In the past, such functions would probably have been defined as macros instead, but it's considered better to make them static inline functions instead, whenever applicable (no funny type issue).
OK, so now we have a bunch of functions defined directly into header files, for performance reasons. A unit including such a header file is under no obligation to use all its declared symbols. Therefore, a static inline function defined in a header file may reasonably not be invoked.
For gcc, that's fine. gcc would flag an unused static function, but not an inline static one.
For clang though, the outcome is different : static inline functions declared in headers trigger a -Wunused-function warning if a single unit does not invoke them. And it doesn't take a lot of flags to get there : -Wall is enough.
A work-around is to introduce a compiler-specific extension, such as __attribute__((unused)), which explicitly states to the compiler that the function defined in the header may not necessarily be invoked by all its units.
OK, but now, the code which used to be clean C99 is including some form of specific compiler extension, adding to the weight of portability and maintenance.
The question therefore is more about the logic of such a choice : why does clang selects to trigger a warning when a static inline function defined in a header is not invoked ? In which case is that a good idea ?
And what does clang proposes to cover the relatively common case of inlined functions defined in header file, without requesting the usage of compiler extension ?
edit :
After further investigation, it appears the question is incorrect.
The warning is triggered in the editor (VSCode) using clang linter applying a selected list compilation flags (-Wall, etc.).
But when the source code is actually compiled with clang and with exactly the same list of flags, the "unused function" warning is not present.
So far, the results visible in the editor used to be exactly the ones found at compilation time. It's the first time I witness a difference.
So the problem seems related to the way the linter uses clang to produce its list of warnings. That's a much more complex and specific question.
Note the comment:
OK, sorry, this is actually different from expectation. It appears the warning is triggered in the editor using clang linter with selected compilation flags (-Wall, etc.). But when the source code is compiled with exactly the same flags, the "unused function" warning is actually not present. So far, the results visible in the editor used to be exactly the ones found at compilation time; it's the first time I witness a difference. So the problem seems related to the way the linter uses clang to produce its list of warnings. It seems to be a more complex question [than I realized].

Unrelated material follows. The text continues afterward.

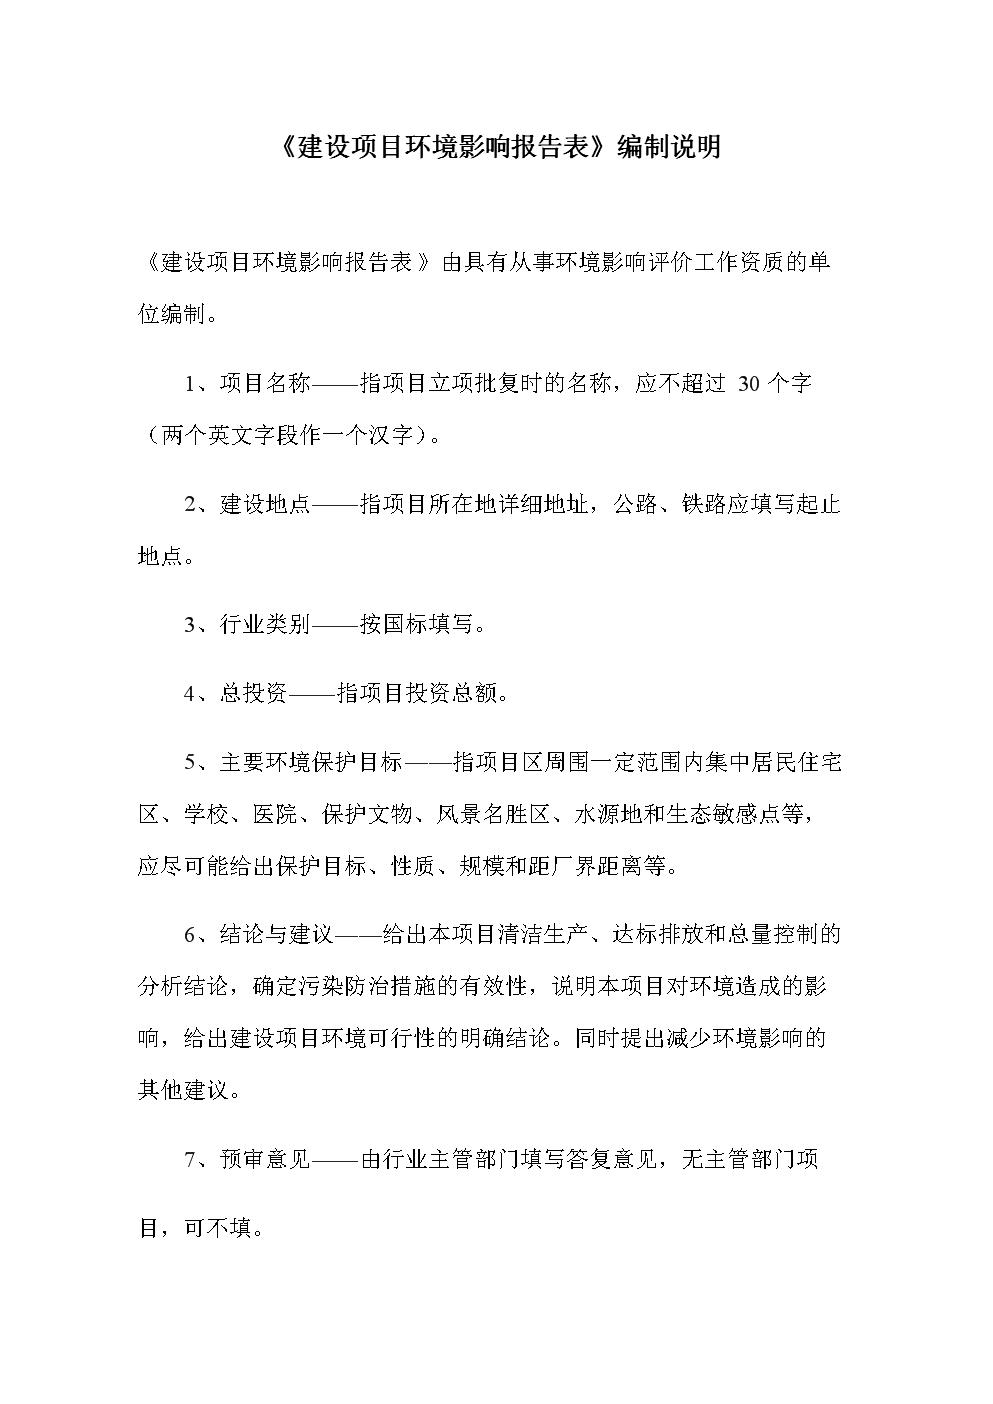 年产300套定制展柜项目(峰安商业道具公司)环境影响报告.docx

I'm not sure you'll find any "why". I think this is a bug, possibly one that they don't care to fix. As you hint in your question, it does encourage really bad practice (annotation with compiler extensions where no annotation should be needed), and this should not be done; rather, the warning should just be turned off unless/until the bug is fixed.
If you haven't already, you should search their tracker for an existing bug report, and open one if none already exists.
Follow-up: I'm getting reports which I haven't verified that this behavior only happens for functions defined in source files directly, not from included header files. If that's true, it's nowhere near as bad, and probably something you can ignore.
'#ifdef USES_FUNTION_XYZ'
One would have to configure the used inline functions before including the header.
Sounds like a hassle and looks clumsy.
When using gcc or clang, it's generally a good idea to enable a number of warnings,
When using any C compiler, it's a good idea to ensure that the warning level is turned up, and to pay attention to the resulting warnings. Much breakage, confusion, and wasted effort can be saved that way.
Now, -Wunused-function is useful to detect static functions which are
no longer invoked, meaning they are useless, and should therefore
preferably be removed from source code. When applying a "zero-warning"
policy, it's no longer "preferable", but downright compulsory.
Note well that
Such zero-warning policies, though well-intended, are a crutch. I have little regard for policies that substitute inflexible rules for human judgement.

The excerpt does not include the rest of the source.